Root finding using the Bisection Method - exact solutions

As a final blog on this program, I want to cover the situation where an exact solution of f(x)=0 is found by the bisection method, i.e. where the program finds α where f(α)=0 and not just an approximation to α.

Consider the quadratic equation 160x²-428x-645=0. This equation has a root around x=-1 because f(-1.1)=19.4 and f(-0.9)=-130.2 (where f(x)=160x²-428x-645), so f changes sign between -1.1 and -0.9. If we now edit the program to have 160C²-428C-645 instead of C-COS(C) in the "subroutine" then on running the program with A being -1.1, B being -0.9 and D set to 1x10^-5 we obtain the root -1.075 in 3 bisections. This is the exact value for the root because the quadractic equation can be factorised to (x-3.75)(x+1.075)=0, so the roots are x=-1.075 and x=3.75.

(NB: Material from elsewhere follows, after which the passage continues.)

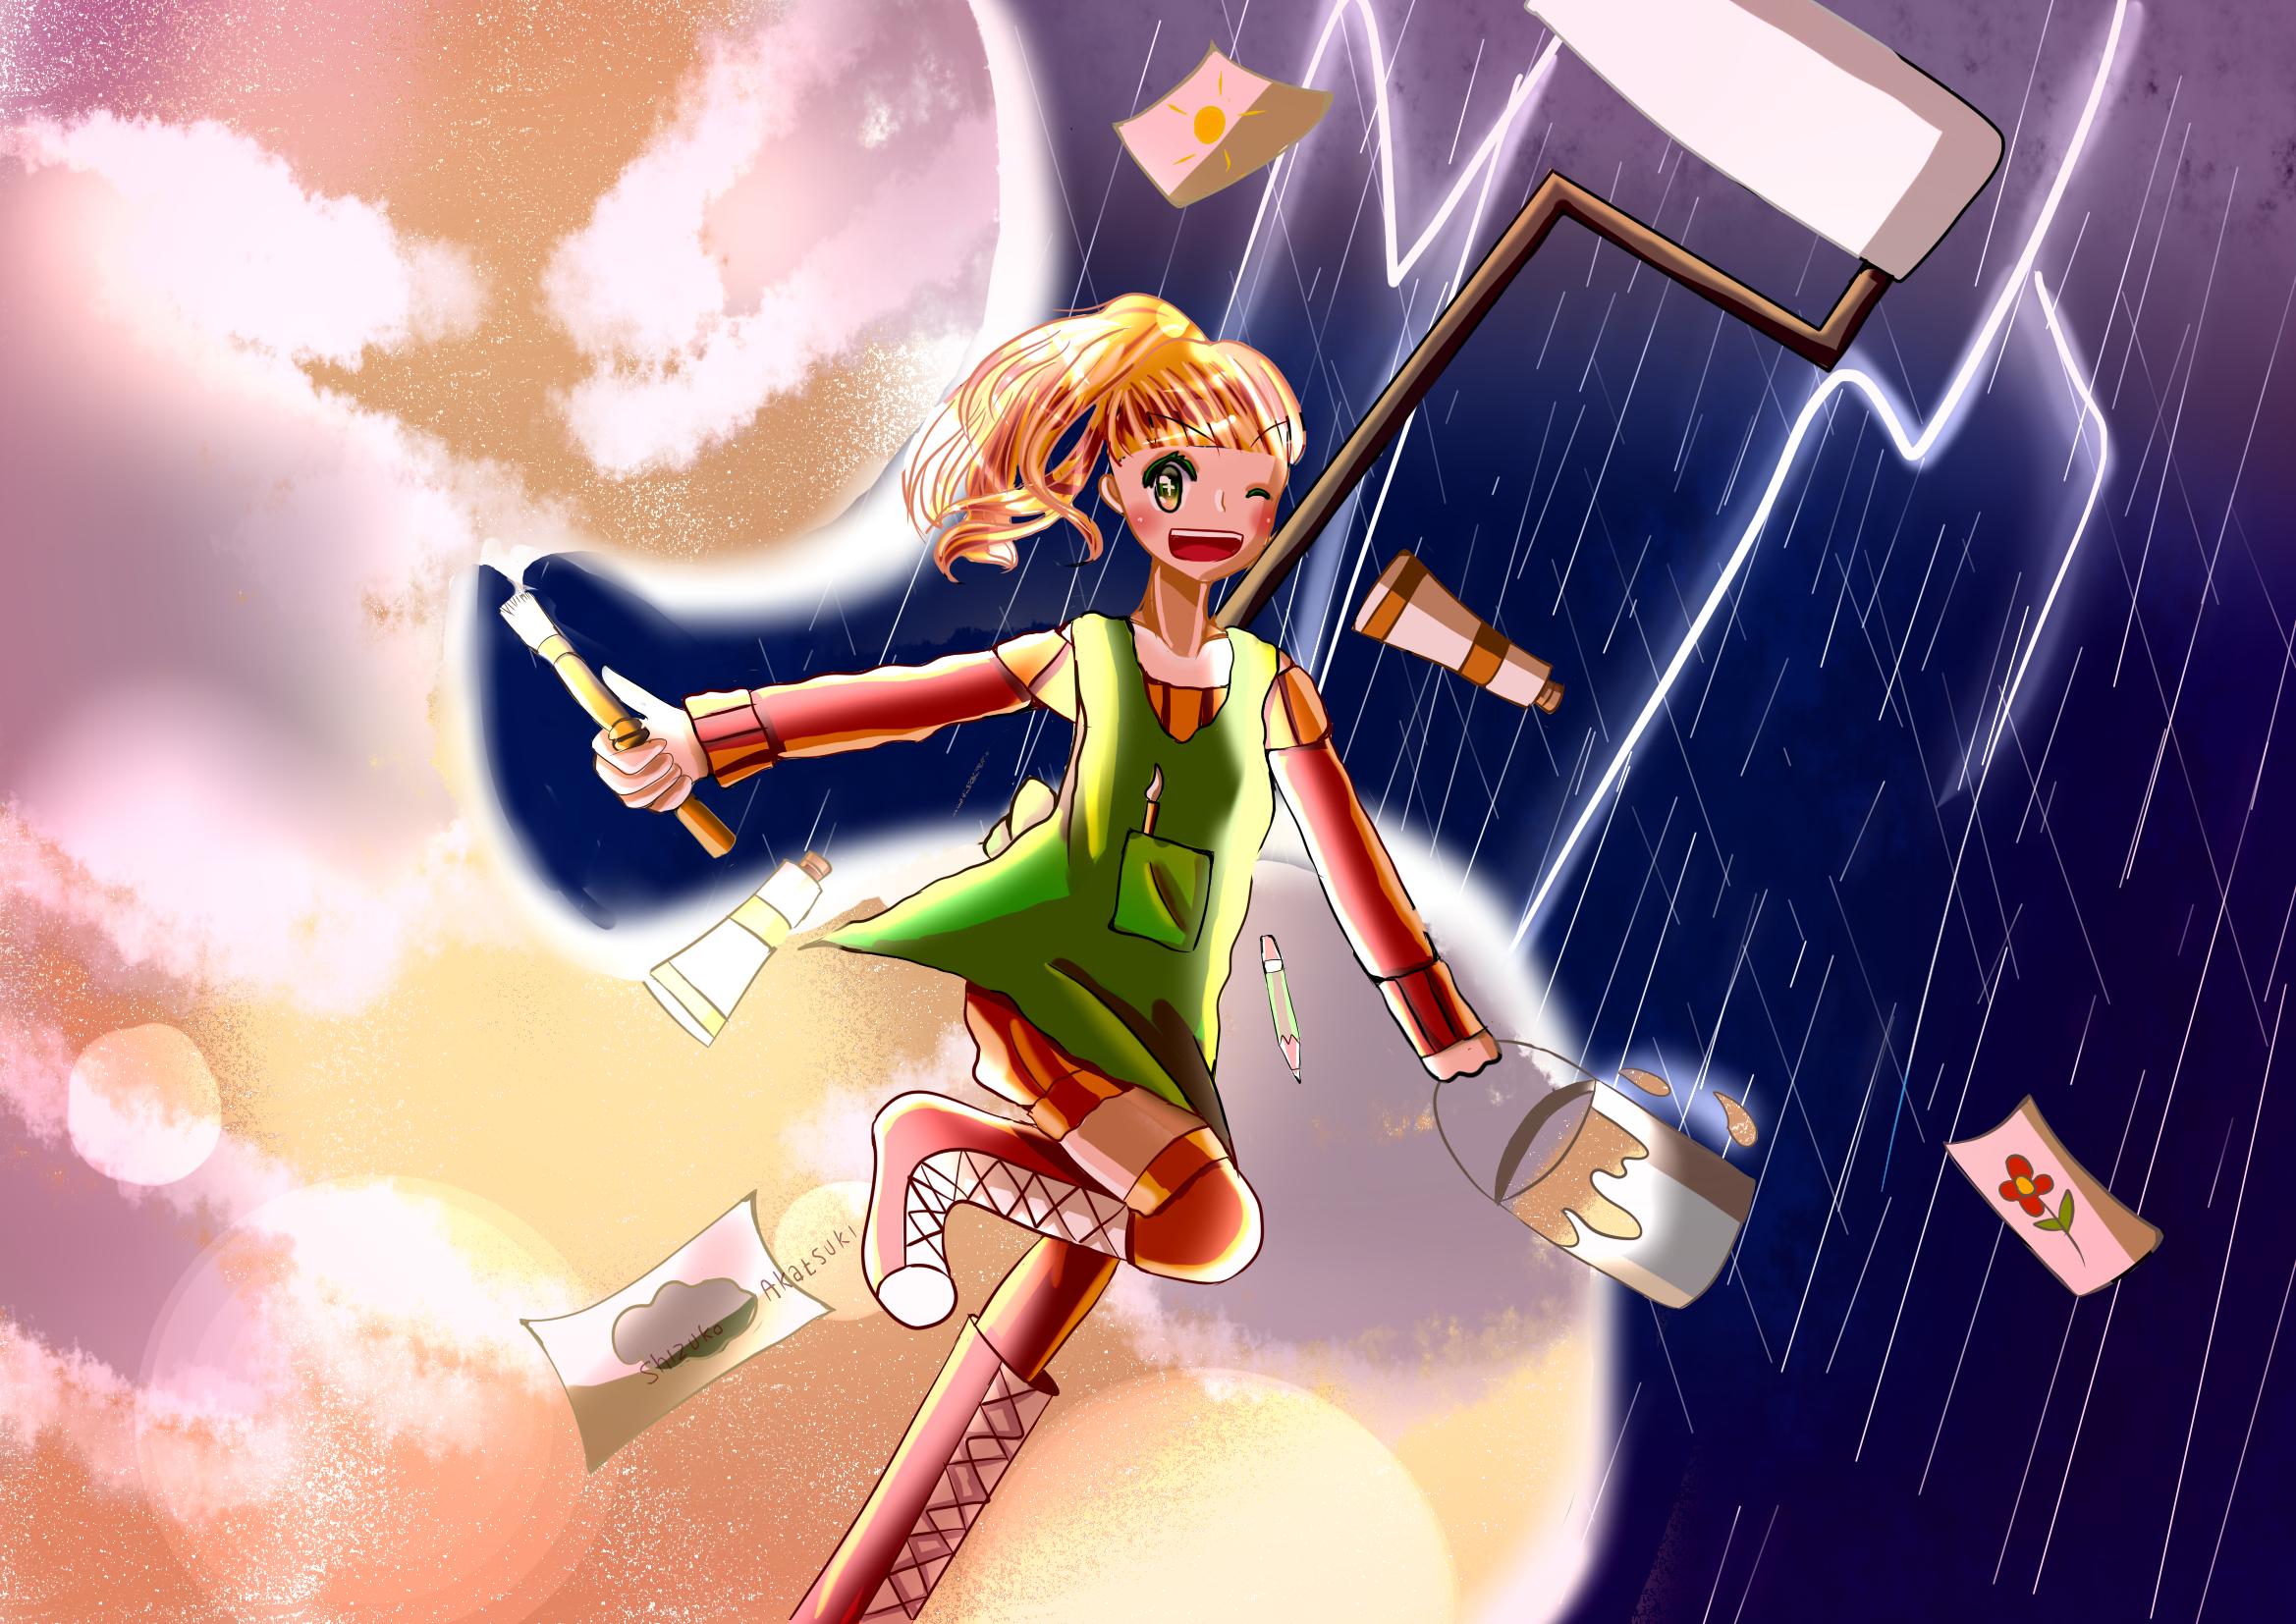 When the Sun Kicks In by Shizuko-Akatsuki

This shows that the program can cope with the situation where it finds the root exactly. Of course, this doesn't always happen even if an exact value could be found. For example, rerunning the program with A set to -1.5, B set to -0.5 and D as before, we obtain C as -1.075004578 in 17 iterations.

Root finding using the Bisection Method - execution of the program

In a previous post I provided a program for finding the root of a function f(x) using the bisection method. To show how this works, consider the problem of calculating where the lines y=x and y=cos x intersect on a graph of y against x (see the above plot from Wolfram Alpha). There is a single point of intersection somewhere between x=0 and x=π/2 and to find it we need to obtain the solution of x=cos x, i.e. x-cos x=0. This trigonometric equation has no obvious solutions and so we can use the bisection method to find a numerical solution (where f(x)=x-cos x).

The program given is already set up for this. On running the program the display shows A? This is the lower limit of the interval that is being bisected. Enter [0] and press [EXE]. The display then shows B? This is the upper limit of the interval. Enter [SHIFT] [π] [/] [2] and press [EXE]. The display then shows D? This the error tolerance. Enter [1] [EXP] [-] [5] and press [EXE].

After a moment or two the display shows that the calculated root C is 0.739085126 and pressing [EXE] once more, the number of iterations X used in the calculations was 18. The maximum error in the root is  ±0.0000060, smaller than the tolerance of ±0.00001 requested, as expected (the maximum error can be calculated from C-A). So we can probably quote the root as being 0.7391 to four decimal places and be confident that this is correct (other maths software shows that the root is 0.739085133 to 9 decimal places).

Repeating the bisection with different intervals but the same level of tolerance in the error gives the following results:-

A=0.5, B=1, C=0.739082336, X=16
A=0.25, B=1.5, C=0.739091873, X=17
A=0.7, B=0.8, C=0.73908081, X=14

and this confirms that quoting the root as 0.7391 to 4 d.p. is correct.

Root finding using the Bisection Method - the program

I discussed the logic for this program in a previous blog. Here is the logic converted into a program for the fx-50F:-

?→A:A→C:0→X:Goto 1:Lbl 2:Y→M:?→B:?→D:Lbl 4:X+1→X:.5(A+B)→C:.5(B-A)<D=>Goto 0:Goto 1:Lbl 3:Y=0=>Goto 0:If MY>0:Then C→A:Y→M:Else C→B:IfEnd:Goto 4:Lbl 0:C▲X▲Lbl 1:C-COS(C)→Y:X=0=>Goto 2:X≠0=>Goto 3:

This is pretty much how the program looks when keyed into the calculator in edit mode. Special Program Commands (? → => : Lbl = < > ≠ If Then Else IfEnd ▲ Goto) are input using the [SHIFT] [P-CMD] keys. The cursor key (marked Replay) is used to switch between various screens of commands. Memory variables A, B, C, D, X, Y, and M are input using [ALPHA] [A], [B] etc keys. The ":" Separator Code command is used frequently and can be alternatively input using the [EXE] key.

This program is 132 steps in length.